What are the space and time complexities, in Big O notation, for the Lempel-Ziv-Welch and Huffman compression algorithms? Google is failing me.
Thanks,
Francisco
Huffman coding is well-situated than LZW coding. LZW coding facilitates more compression ratio than Huffman algorithm. Huffman coding requires more execution time than the LZW. In some cases time is not important as Huffman coding can be used to obtain high compression ratio.
Lempel–Ziv–Welch (LZW) is a universal lossless data compression algorithm created by Abraham Lempel, Jacob Ziv, and Terry Welch. It was published by Welch in 1984 as an improved implementation of the LZ78 algorithm published by Lempel and Ziv in 1978.
LZW TIFFs are considered a lossless file format. LZW TIFF compressions reorder the digital data into a smaller file size without deleting any pixels at all.
LZW compression works by reading a sequence of symbols, grouping the symbols into strings, and converting the strings into codes. Because the codes take up less space than the strings they replace, we get compression.

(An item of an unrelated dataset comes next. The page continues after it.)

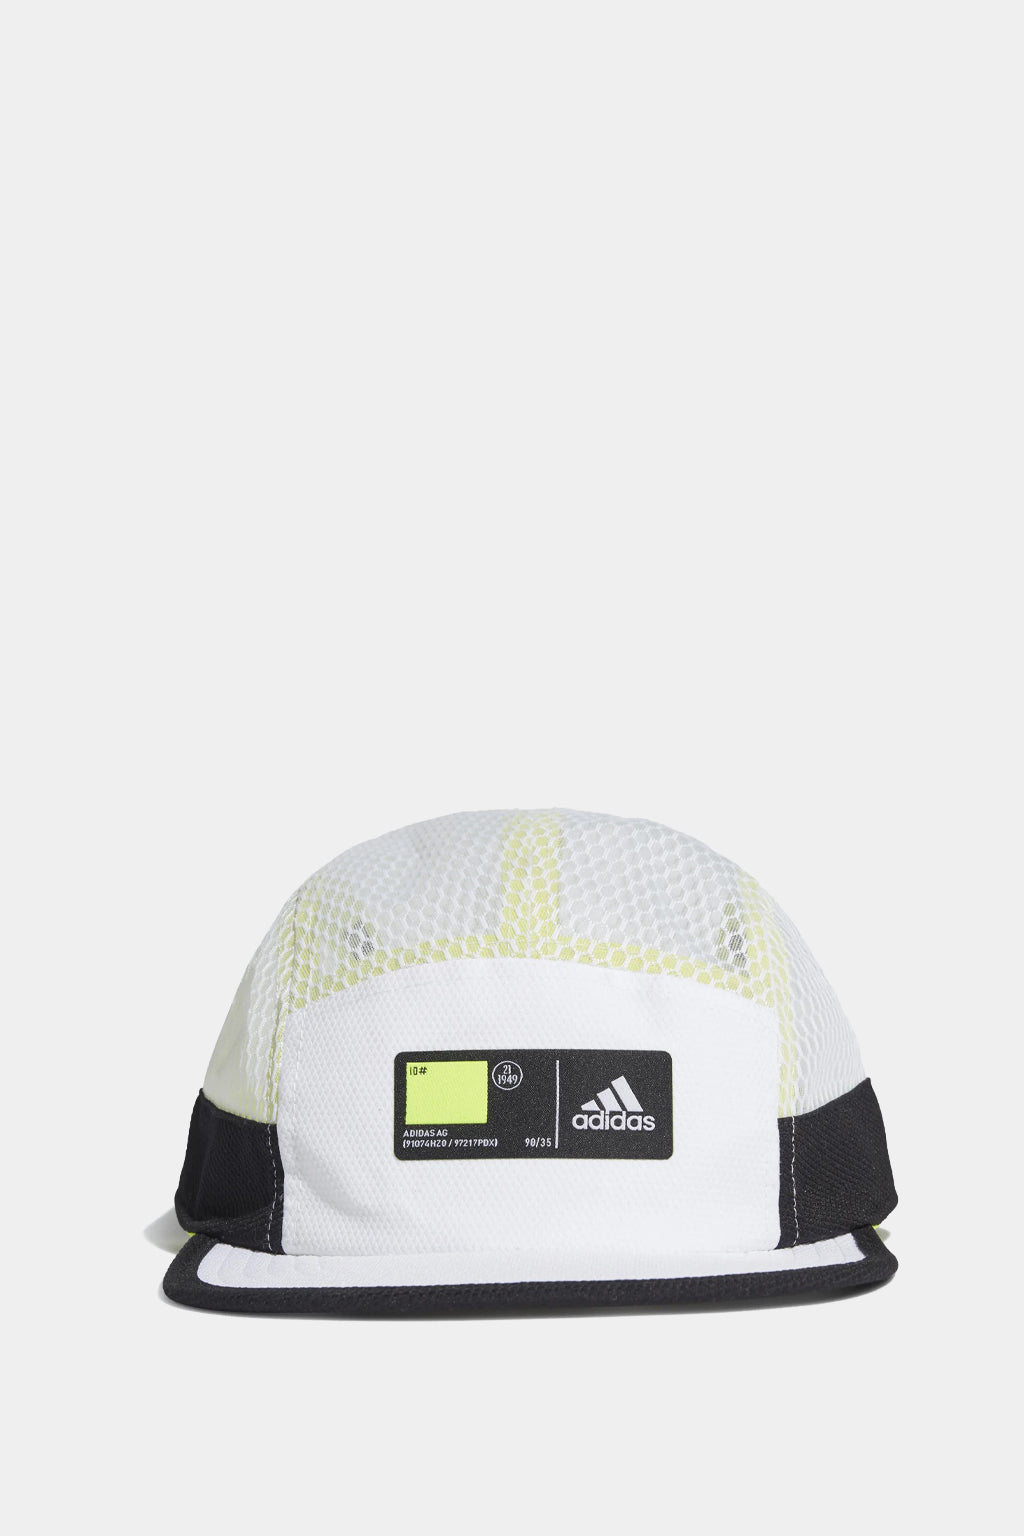 Adidas Originals - Five-panel Athletics Cap

As the dictionary size is fixed and independent of the input length, LZW is in O(n) as each byte is only read once and the complexity of the operation for each character is constant.
And Huffman encoding is also in O(n): First you count the number of occurrences for each input byte, then you sort it and build the output encoding.
Depends on the implementation. They get better all the time. "Huffman" is a bit too common a term. For example, you could mean an explicit tree, an implicit, a dynamic one... But in any case, I guess if you do it very clever you should be able to implement alomost any "Huffman" on O(n), with n being the text-length.
LZW is also implementation-dependent. I do not know off-hand what "O" common implementations have. I guess with big tables you probably have something like O(n log n), but thats just a guess.